The paper is hanging a lot on the fact that Tech sits at a lofty 16th nationally in total defense – hey, Ted Roof’s on the Broyles watch list! – but that ranking is a trifle misleading in that the Jackets have faced not one, but two 1-AA offenses this season. Now that’s not totally their fault, as they had to deal with a last-minute scheduling hole created by conference expansion, but it’s still the hand they’ve played this season.
So guess what happens when you look at the total defense rankings against only D-1 opponents? Georgia Tech drops to a still solid, but less impressive 29th.

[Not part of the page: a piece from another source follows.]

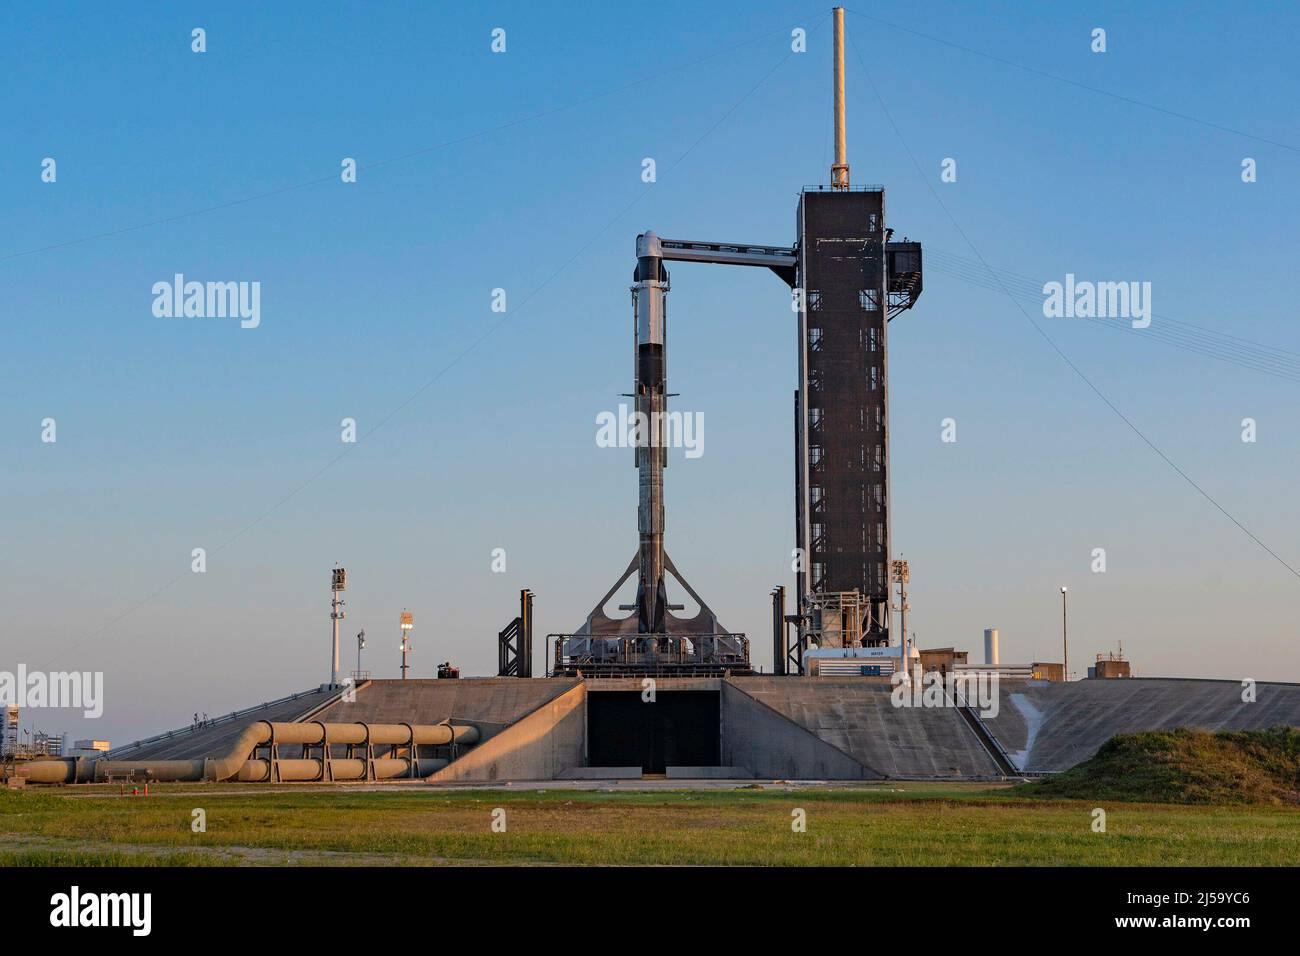 Die Rakete SpaceX Falcon 9 ist senkrecht, der companyâs Crew Dragon steht oben für die Mission NASAâs SpaceX Crew-4 auf dem Launch Pad 39A im NASAâs Kennedy Space Center in Florida am 19. April 2022. Die NASA-Astronauten Kjell Lindgren, Bob Hines und Jessica Watson werden zusammen mit der ESA-Astronautin Samantha Cristoforetti am 23. April 2022 auf der Falcon 9 an Bord von Dragon, von der Crew-4-Crew unter dem Namen Freedom, zur Internationalen Raumstation starten. Die Markteinführung ist für 5:26:00 Uhr EDT ab Pad 39A geplant. Die Astronauten werden wissenschaftliche Forschungen auf Gebieten wie der Materialwissenschaft durchführen, so er Stockfoto
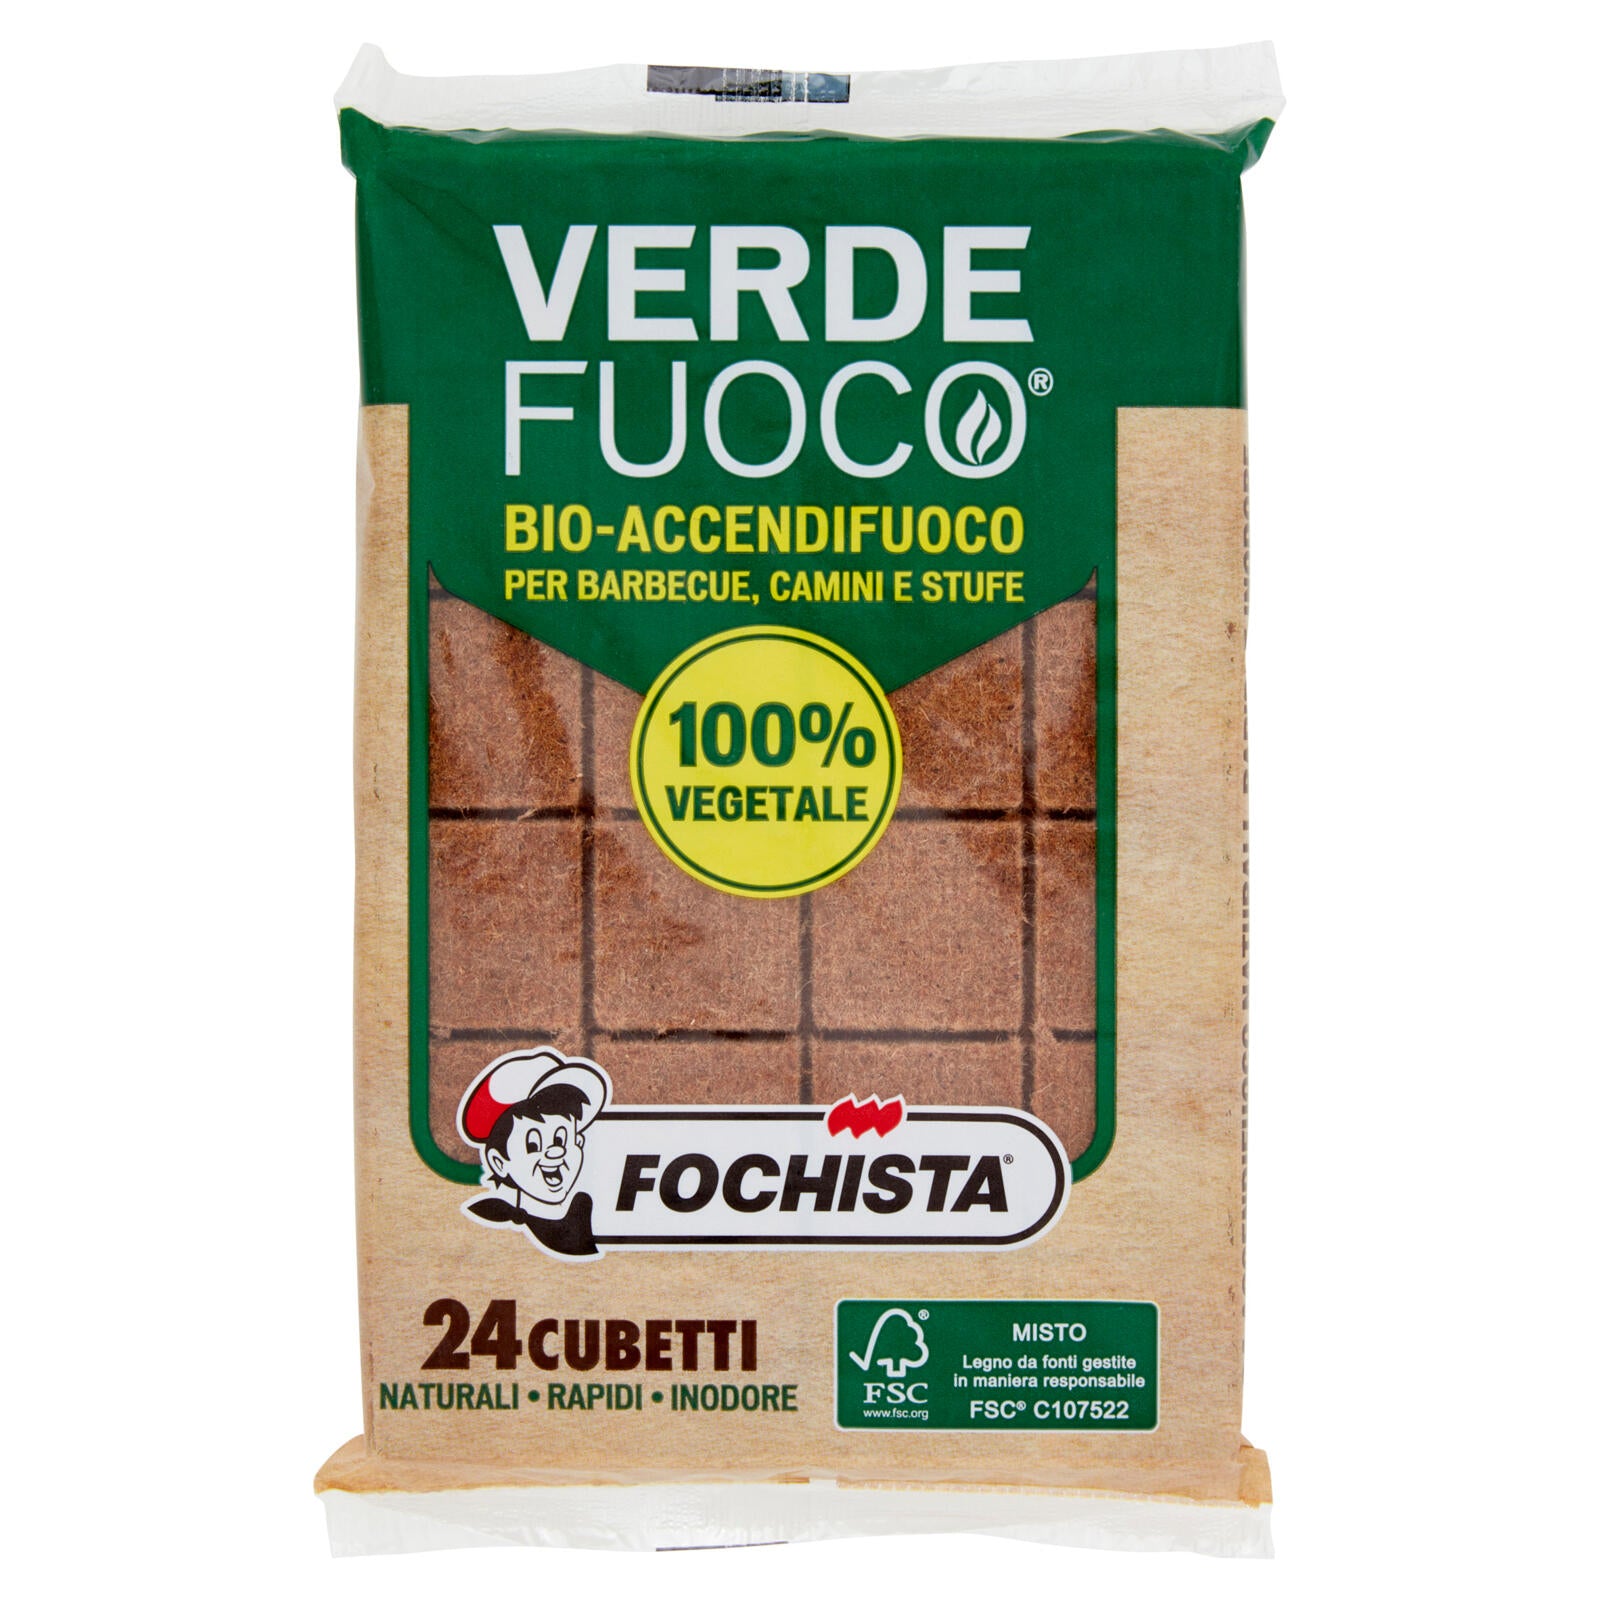 Fochista Verdefuoco Bio-Accendifuoco per Barbecue, Camini e Stufe 24 pz

But even that doesn’t tell the real story. The real story is that Tech’s defense has been on the field for fewer plays than all but one team in the country. That’s because Georgia Tech’s offense does a very good job keeping the defense on the sidelines. This brings me to something that drives me crazy, people who argue that time of possession is a meaningless stat. It’s not meaningless if dominating it is part of a team’s philosophy, which is clearly the case with the Jackets.
And it’s a big deal when you look at how defenses rank in the context of yards per play. Georgia Tech is decidedly mediocre by the standards of that metric, at 5.81, which ranks 77th nationally. How do I know that’s mediocre? Because Georgia is 66th, at 5.55 ypp.
The offensive story is a little more lopsided, perhaps surprisingly. Despite all the injuries which have plagued them, the Dawgs still rank 14th nationally in total offense against D-1 teams; generating about seventy yards less per game, Georgia Tech ranks 56th. It’s not explained by the number of plays each offense has run – Georgia is 68th and Tech is 105th, but GT has played one less game against FBS teams than Georgia, so when you average it out, the Jackets have run about one play per game more than Georgia. It’s chalked up to offensive yards per play, as the 10th-ranked Dawgs average an entire yard per play more than Georgia Tech.
All of which suggests rather loudly to me that the biggest key to Saturday’s game is Georgia Tech keeping Georgia’s offense off the field as much as possible.